Session versioning support

[lprimak]

Following this checklist to help us incorporate your contribution quickly and easily:

• Make sure there is a GitHub issue filed
  for the change (usually before you start working on it). Trivial changes like typos do not
  require a GitHub issue. Your pull request should address just this issue, without pulling in other changes.
• Format the pull request title like [#XXX] - Fixes bug in SessionManager,
  where you replace #XXX with the appropriate GitHub issue.
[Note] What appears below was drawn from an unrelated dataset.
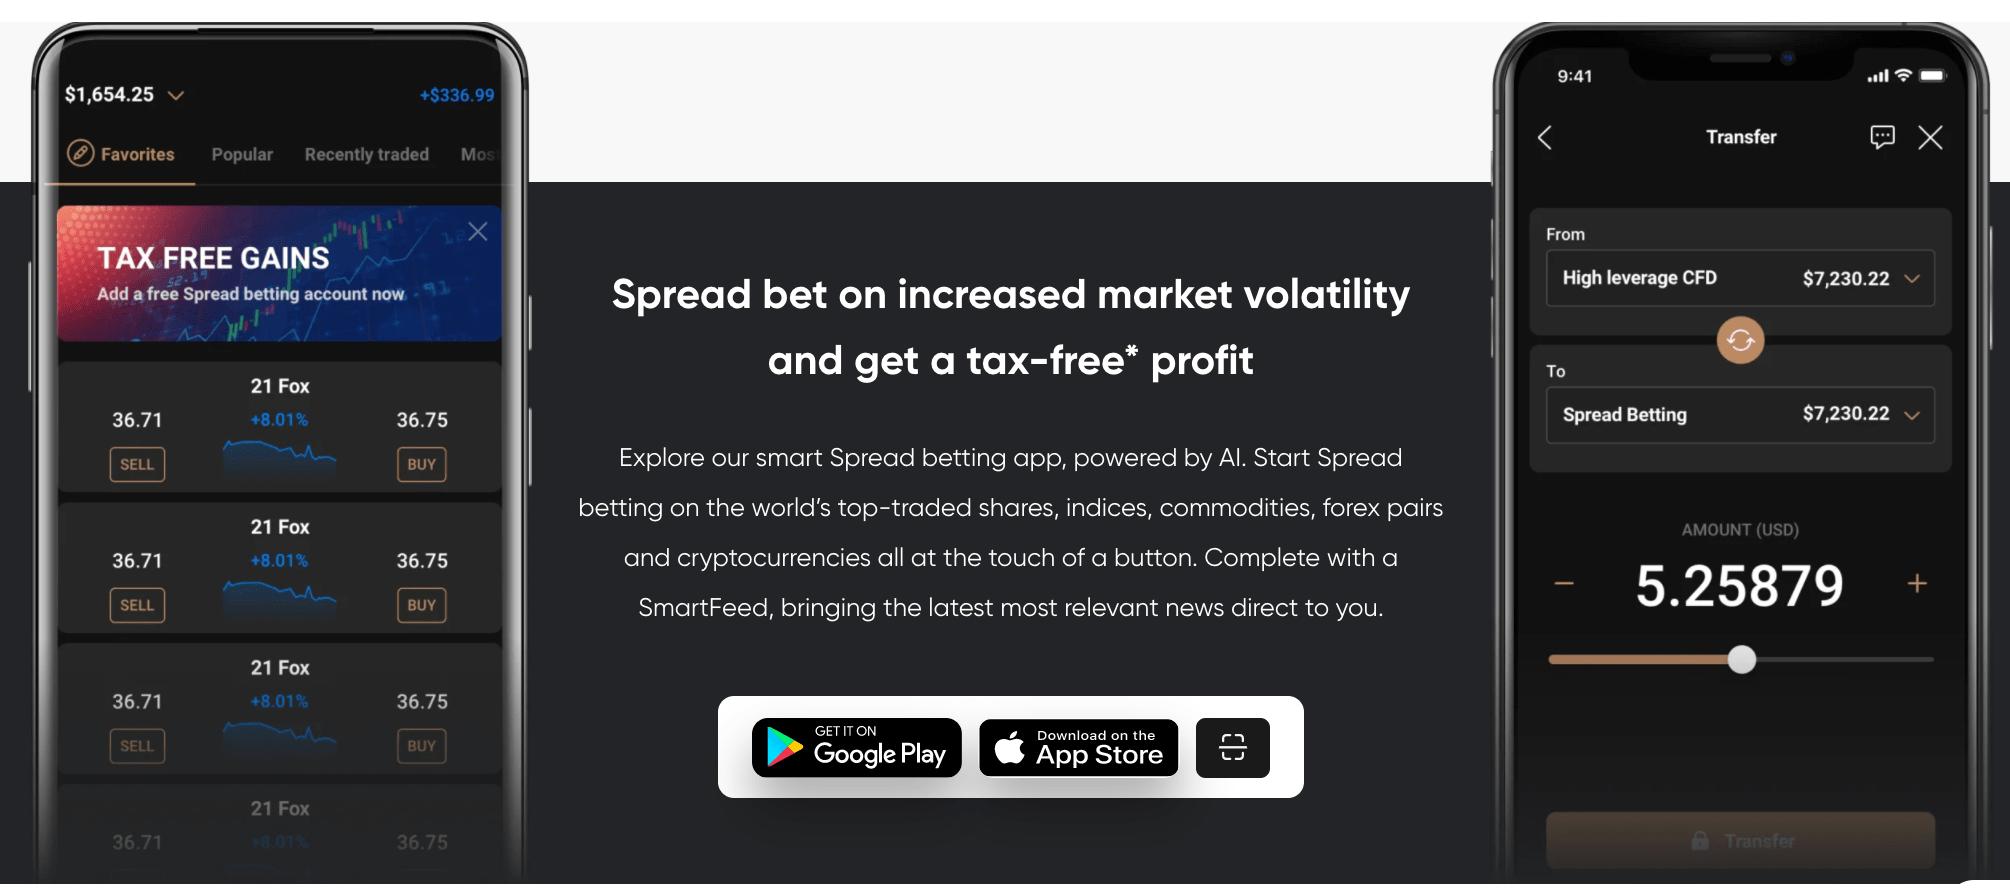 capital.com spread betting app

Best practice
  is to use the GitHub issue title in the pull request title and in the first line of the commit message.
• Write a pull request description that is detailed enough to understand what the pull request does, how, and why.
• add fixes #XXX if merging the PR should close a related issue.
• Run mvn verify to make sure basic checks pass. A more thorough check will be performed on your pull request automatically.
• Committers: Make sure a milestone is set on the PR
• Committers: Use "Squash and Merge" to combine all commits into one when merging a PR when appropriate.

Trivial changes like typos do not require a GitHub issue (javadoc, comments...).
In this case, just format the pull request title like [DOC] - Add javadoc in SessionManager.

If this is your first contribution, you have to read the Contribution Guidelines

If your pull request is about ~20 lines of code you don't need to sign an Individual Contributor License Agreement
if you are unsure please ask on the developers list.

To make clear that you license your contribution under the Apache License Version 2.0, January 2004
you have to acknowledge this by using the following check-box.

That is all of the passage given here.